In one embodiment, a gene of a fungal cell is modified so expression of the gene is reduced or eliminated. Nucleotides may be inserted or removed so as to result in the introduction of a stop codon, the removal of the start codon, or a change in the open reading frame. A gene may be modified by gene replacement, gene deletion, or gene disruption to eliminate or reduce expression of the gene. For example, in the gene disruption method, a polynucleotide sequence corresponding to the gene is mutagenized in vitro to produce a defective polynucleotide sequence that is then introduced into a fungal cell to produce a defective gene. The gene may be disrupted with a selectable marker that then may be used for selection of transformants in which the gene has been modified.

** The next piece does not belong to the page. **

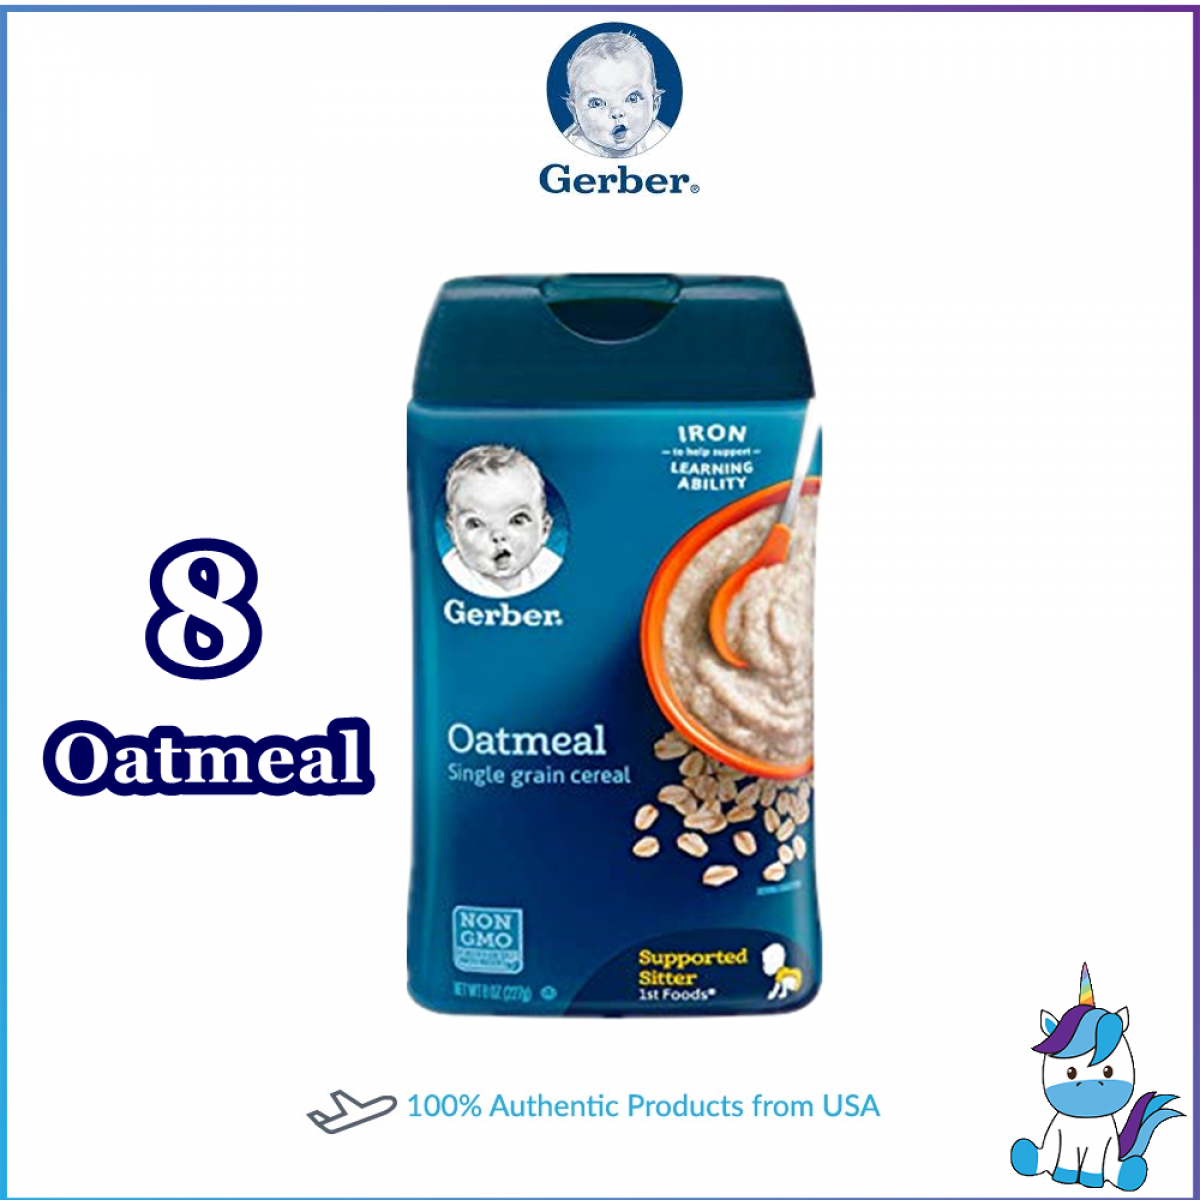 Gerber Cereal Rice Oatmeal DHA Probiotic Single Grain Multigrains Oatmeal Fruits 227g
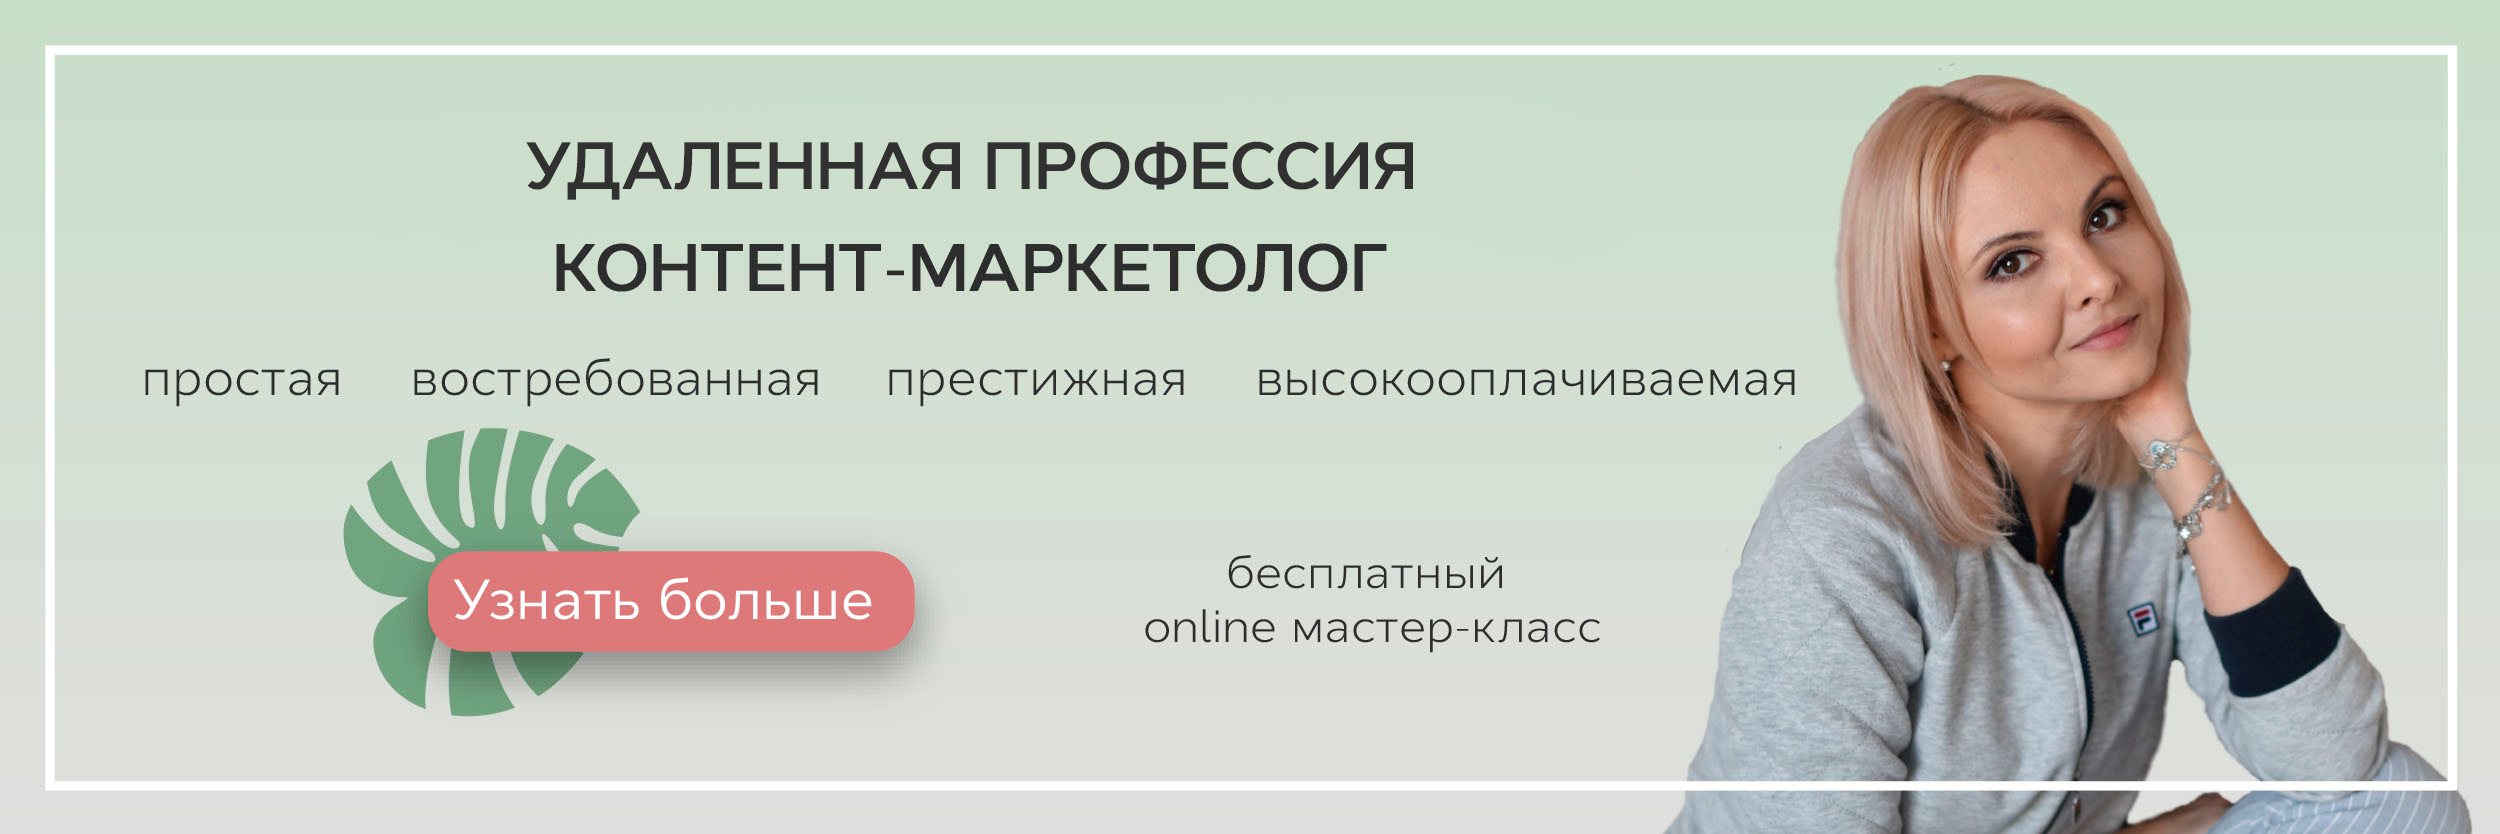 Удалённая профессия контент маркетолога

The modification of a gene may involve the coding region or a part thereof essential for activity, or a regulatory element required for expression of the coding region. An example of such a regulatory or control sequence may be a promoter sequence or a functional part thereof, i.e., a part that is sufficient for affecting expression of the polynucleotide. Other control sequences for possible modification include, but are not limited to, a leader, polyadenylation sequence, propeptide sequence, signal peptide sequence, transcription terminator, and transcriptional activator.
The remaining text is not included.